My point is, because without full analysis, the compiler cannot connect the outputs of a function with its inputs, only functions which heap-allocate defensively, or don't use references, can be marked as safe.  Because safety is sometimes contextual, it will be impossible to use the all-or-nothing @safe marker on many functions (such as split).

I'm still not sure how to solve this, or whether it will have a large impact on how safed works.

-Steve
November 05, 2009
On Thu, 05 Nov 2009 16:30:42 -0500, Andrei Alexandrescu <SeeWebsiteForEmail@erdani.org> wrote:

>>  Most of the usages are like this:
>>  ubyte[1024] buffer;
>> functionThatNeedsBufferSpace(buffer);
>>  where functionThatNeedsBufferSpace takes a ubyte[], thereby taking an address of the local data.
>>  So it's not explicit address taking, but it's the same thing under the hood.  There always exists the potential for the stack reference to escape.
>
> I see, thank you. I am confident that a trusted reap could be implemented in the standard library. (google reap)

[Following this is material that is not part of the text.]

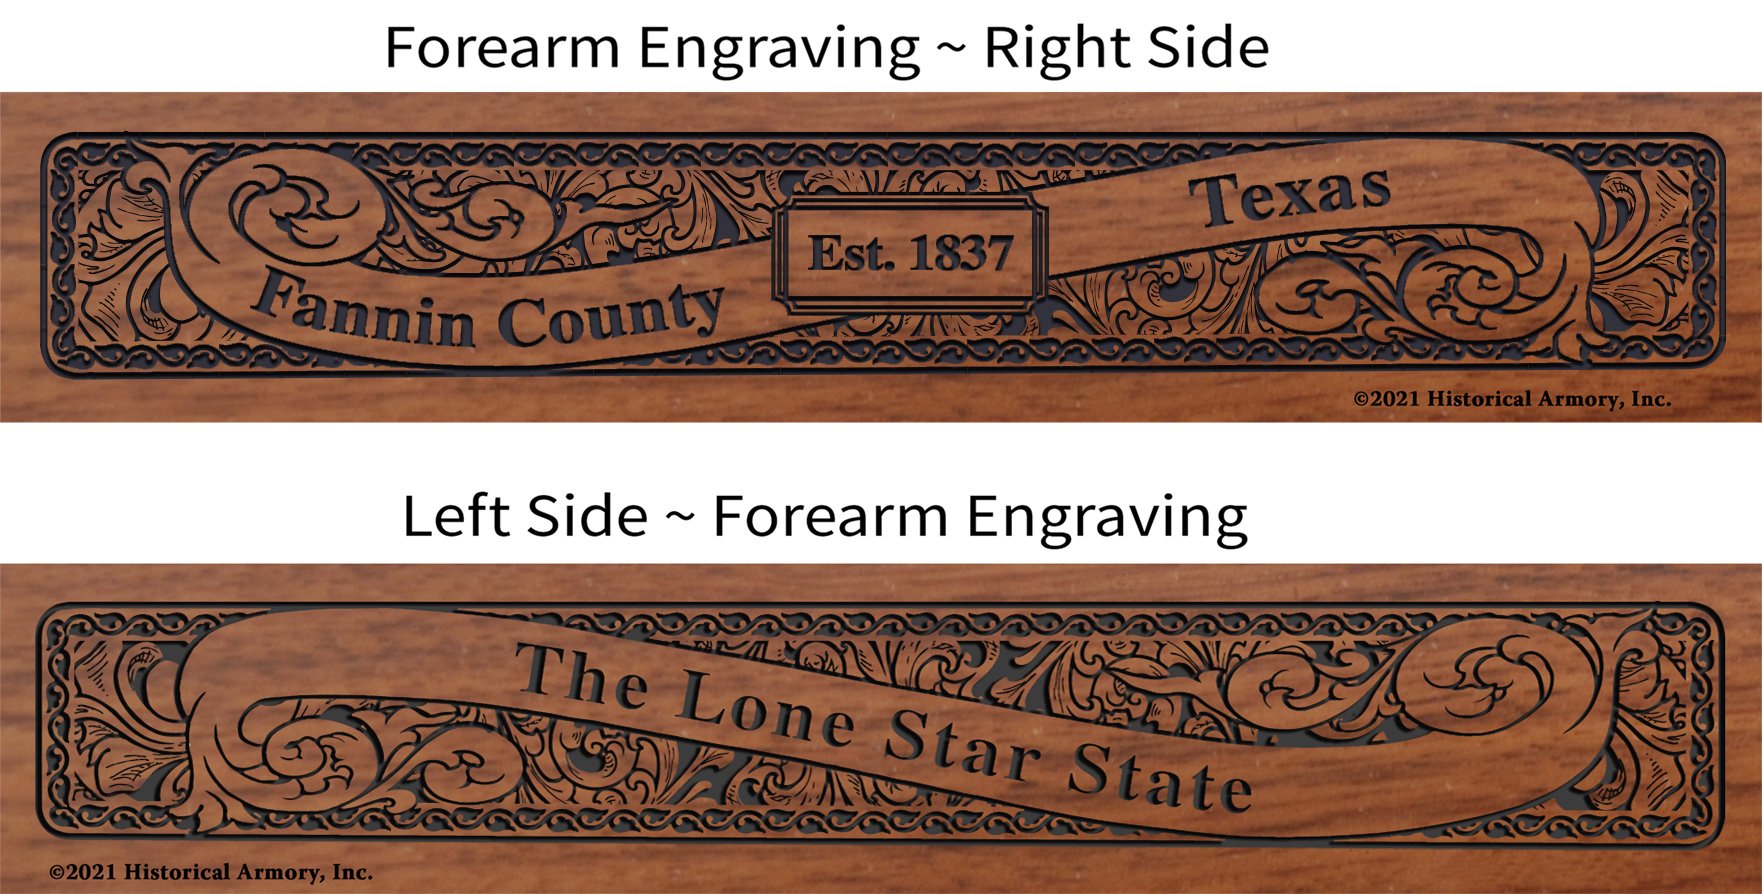 Fannin County Texas Establishment and Motto History Engraved Rifle Forearm

I did.  Couldn't find anything.

>> Similar case is scope classes (which are sometimes used to allocate a temporary class for performance in tango).  I can't see scope classes being allowed if you can't take addresses of local variables.
>
> Yah, in fact I think scope classes should just go. But don't hold that against me. :o)

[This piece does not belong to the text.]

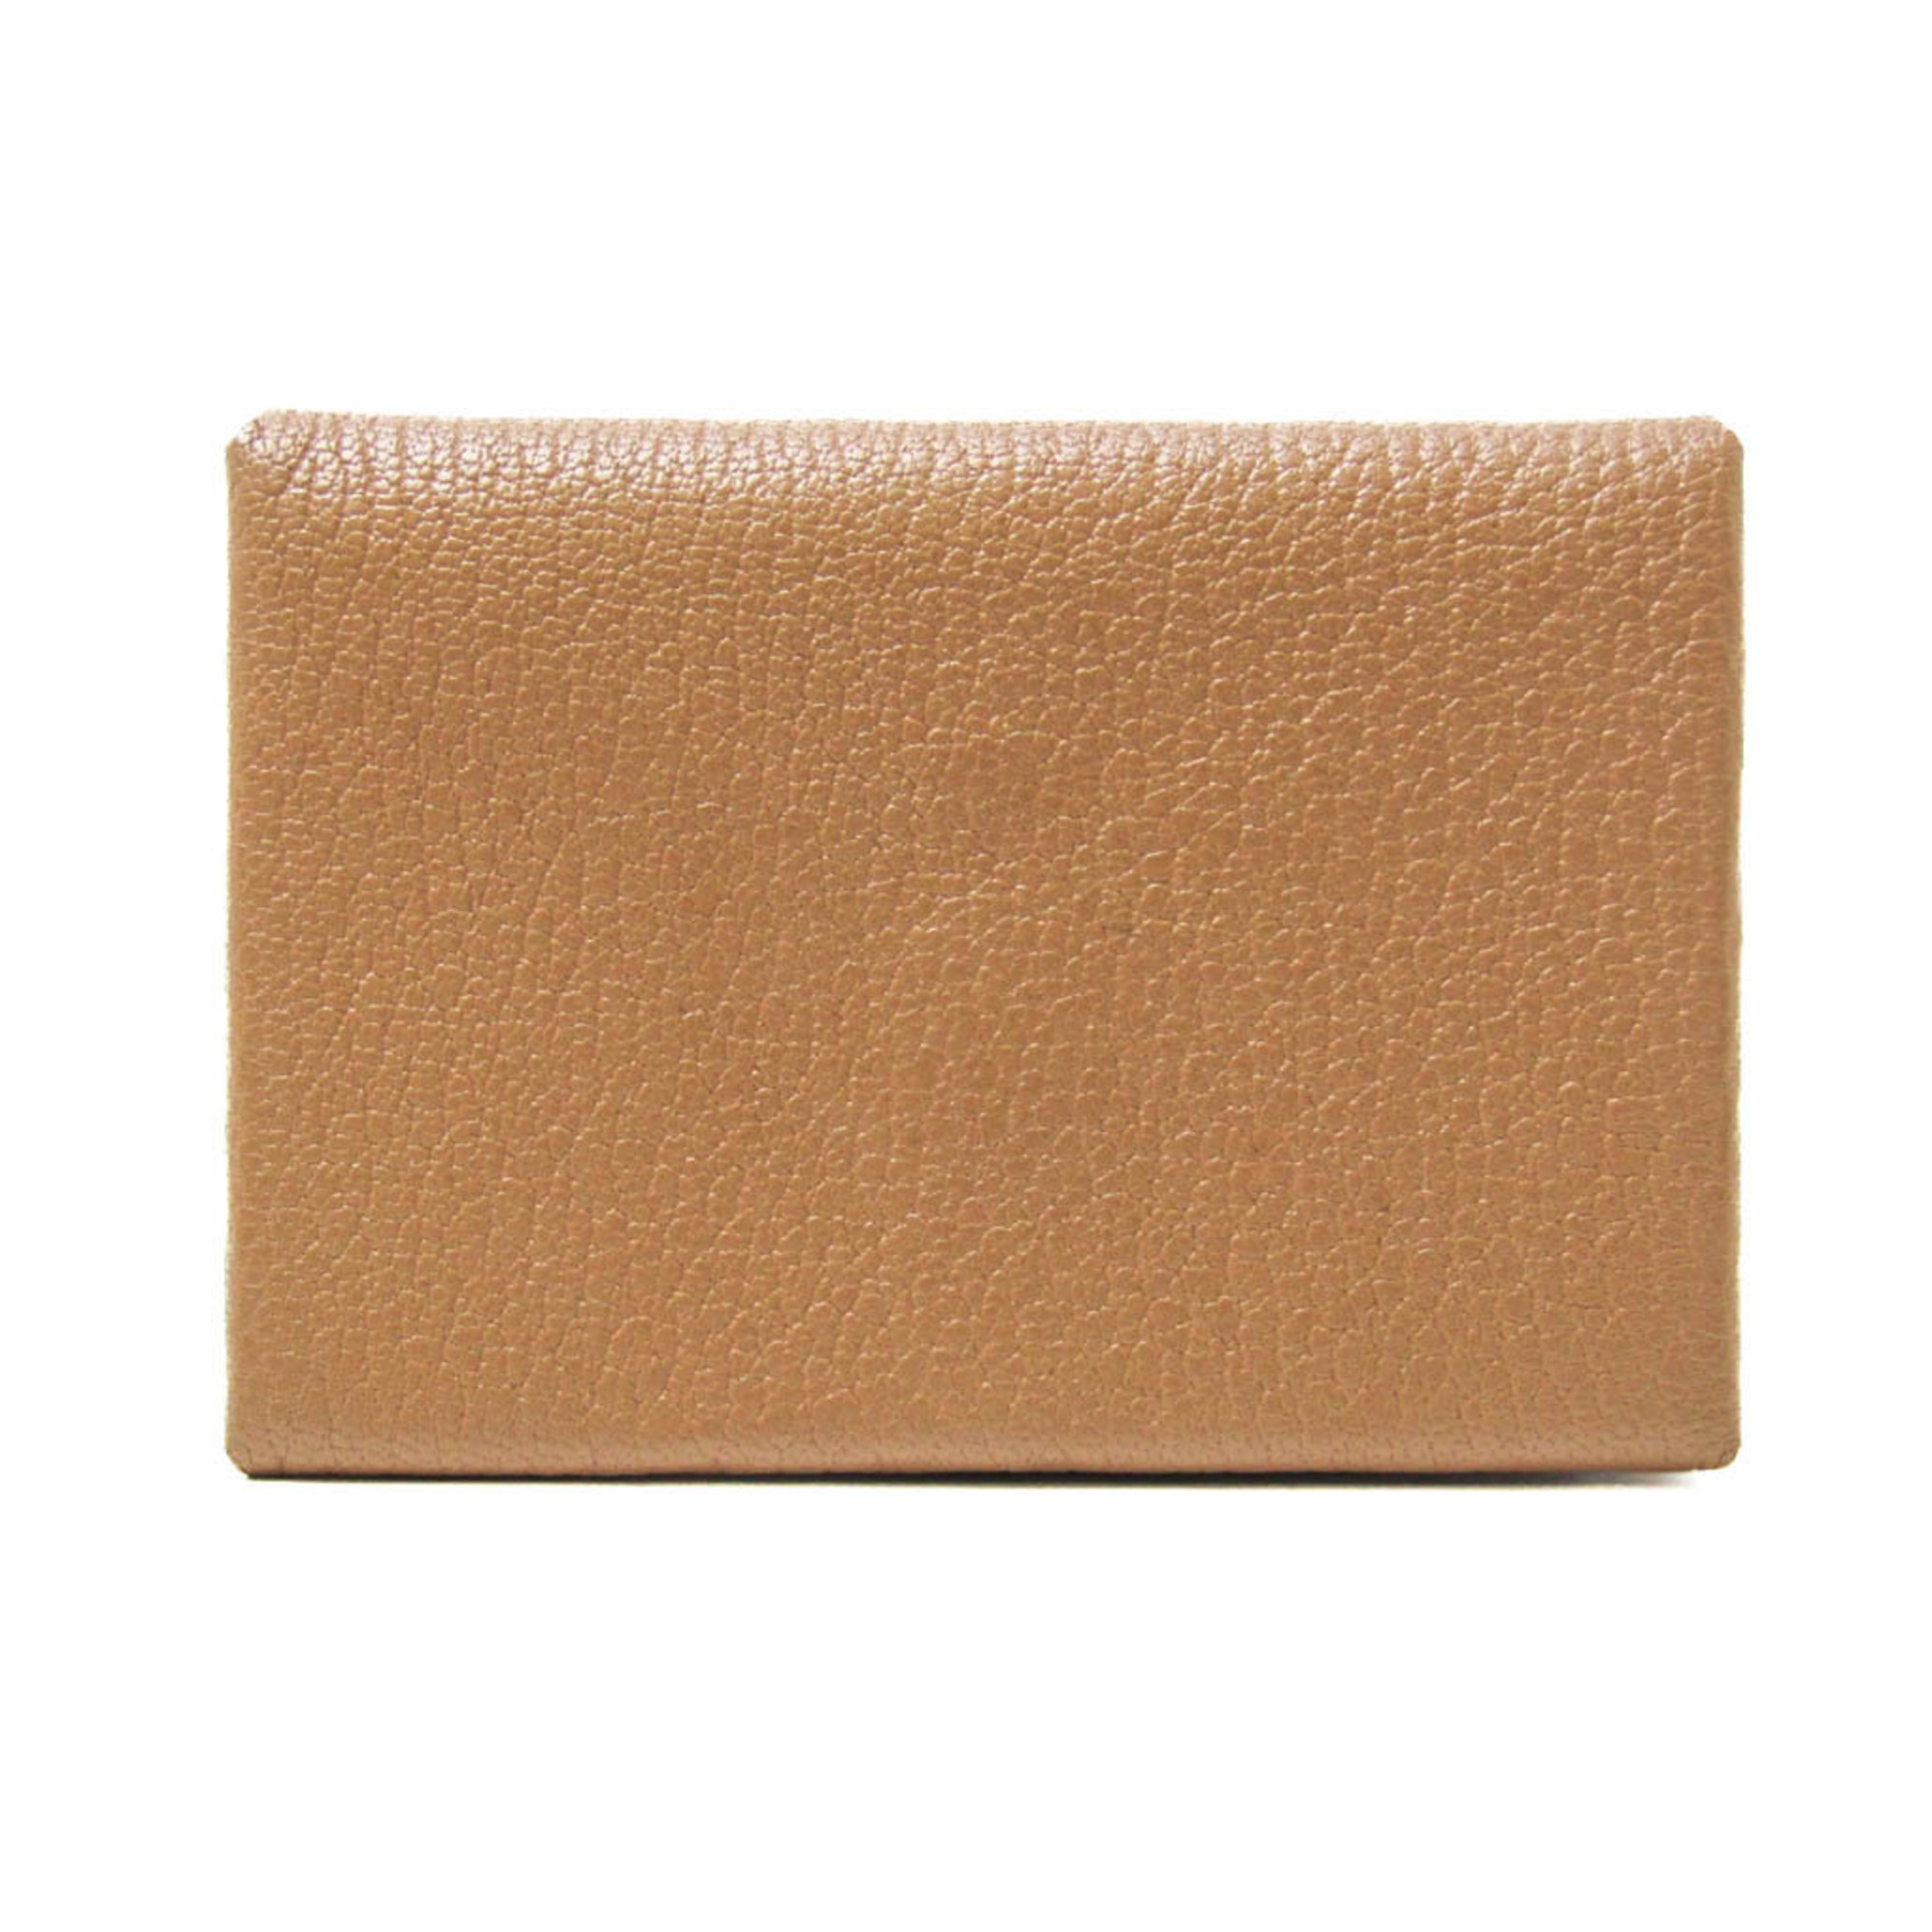 Hermes Calvi Duo Chevre Leather Card Case Light Brown

They are great when you need temporary objects to do things like filters.  It works well in Tango's i/o subsystem where everything uses interfaces.

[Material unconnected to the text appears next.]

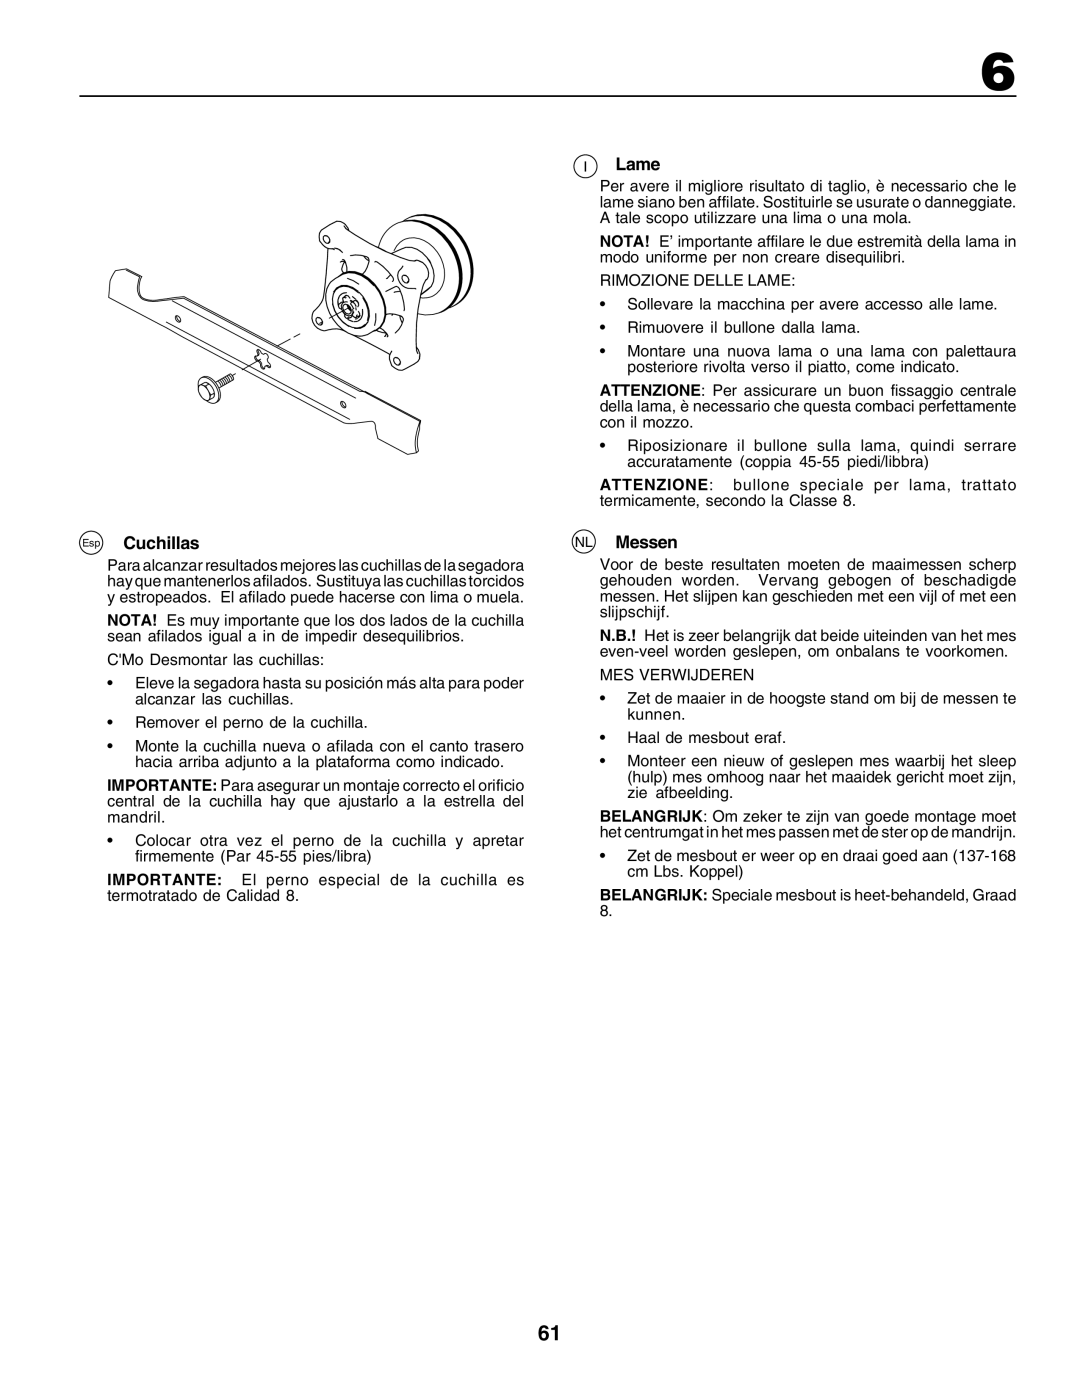 Husqvarna GTH250 instruction manual Esp Cuchillas, Lame, NL Messen

I think they have their place, as long as structs don't implement interfaces and the interface concept isn't removed from D.

-Steve
November 05, 2009
On Thu, 05 Nov 2009 16:13:01 -0500, Frank Benoit <keinfarbton@googlemail.com> wrote:

> safe should be the default. The unsafe part should take the extra
> typing, not the other way. Make the user prefer the safe way.

Let's find out how painful/painless "safe" is before making that assertion :)  I suspect that the rules for safed will be too strict for lots of provably safe code.

-Steve
November 05, 2009
Ary Borenszweig wrote:
> grauzone wrote:
>> Frank Benoit wrote:
>>> safe should be the default. The unsafe part should take the extra
>>> typing, not the other way. Make the user prefer the safe way.
>>
>> No. D is not C#.
> 
> D is an unsafe language.
> C# is a safe language.
> 
> Like that? :)

If you mean memory safety, then yes and will probably forever be for all practical uses (unless D gets implemented on a Java or .net like VM).